That's the best I can do  I'm sorry that your parents don't want you to bring your budgie. If you do find an airline that can take your budgie either in the cabin or _safely_ on board in another way, talk to your parents and see if it's something that they can do.

If your parents absolutely don't want to take the budgie, there's not much you can do if they're convinced of their decision. Since you will have to rehome him, I would begin writing down pre-screening questions you would ask any potential owners and consider that option, too.

Best wishes!


----------



## HappiBudgie (Jan 17, 2017)

Are you in the US right now? I know there are a few american airlines that allow pets. Do some research on it and I hope will find something. I'm sorry your parents don't want to take your budgie  
Also, this might be helpful :blink: I suppose...: How to Convince Your Parents to Let You Do Anything


----------



## FaeryBee (May 9, 2011)

*It is important that you be the one to do the necessary research with regard to the airline restrictions, custom/import laws about bringing the budgie into the new country, etc.
Additionally, you need for determine if the country (which one??) allows budgies to be brought into that area from the U.S. 
Do not expect your parents to do this for you. 
You are old enough to handle the responsibility and showing your parents you have the maturity to take the initiative will go a long way.

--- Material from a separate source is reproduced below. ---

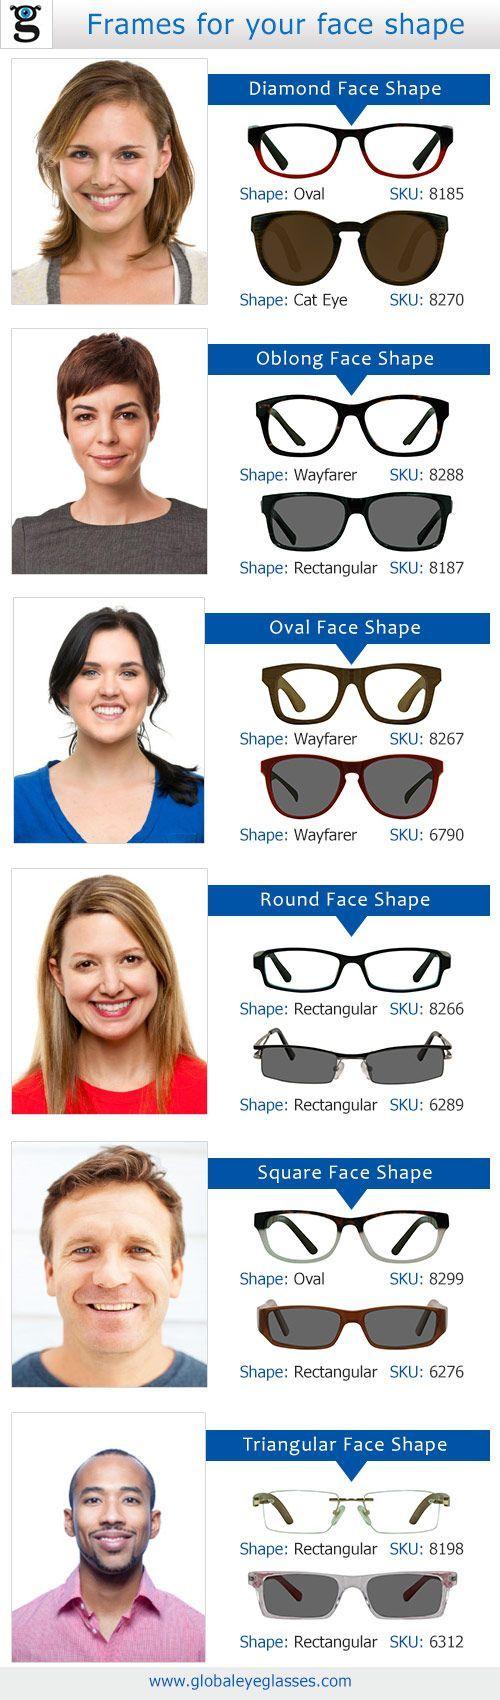 Choosing the right eyeglasses based on your  faceshape. Infographic for Eyeglasses

Additionally, you should be making arrangements to cover the costs yourself of taking the budgie by airline. 
If you do not have a part-time job, try to get one. 
Save any money received as birthday or holiday gifts to use for the expense of transporting the budgie via air.
Recognize that your budgie might need to be transported by a different airline that the one you are traveling on -- you'll have to check with various airlines after determining the custom/importation regulations of the destination country.

Make things as easy on your parents as possible and they will be more likely to honor your request to bring the budgie when you move.

Best wishes!*


----------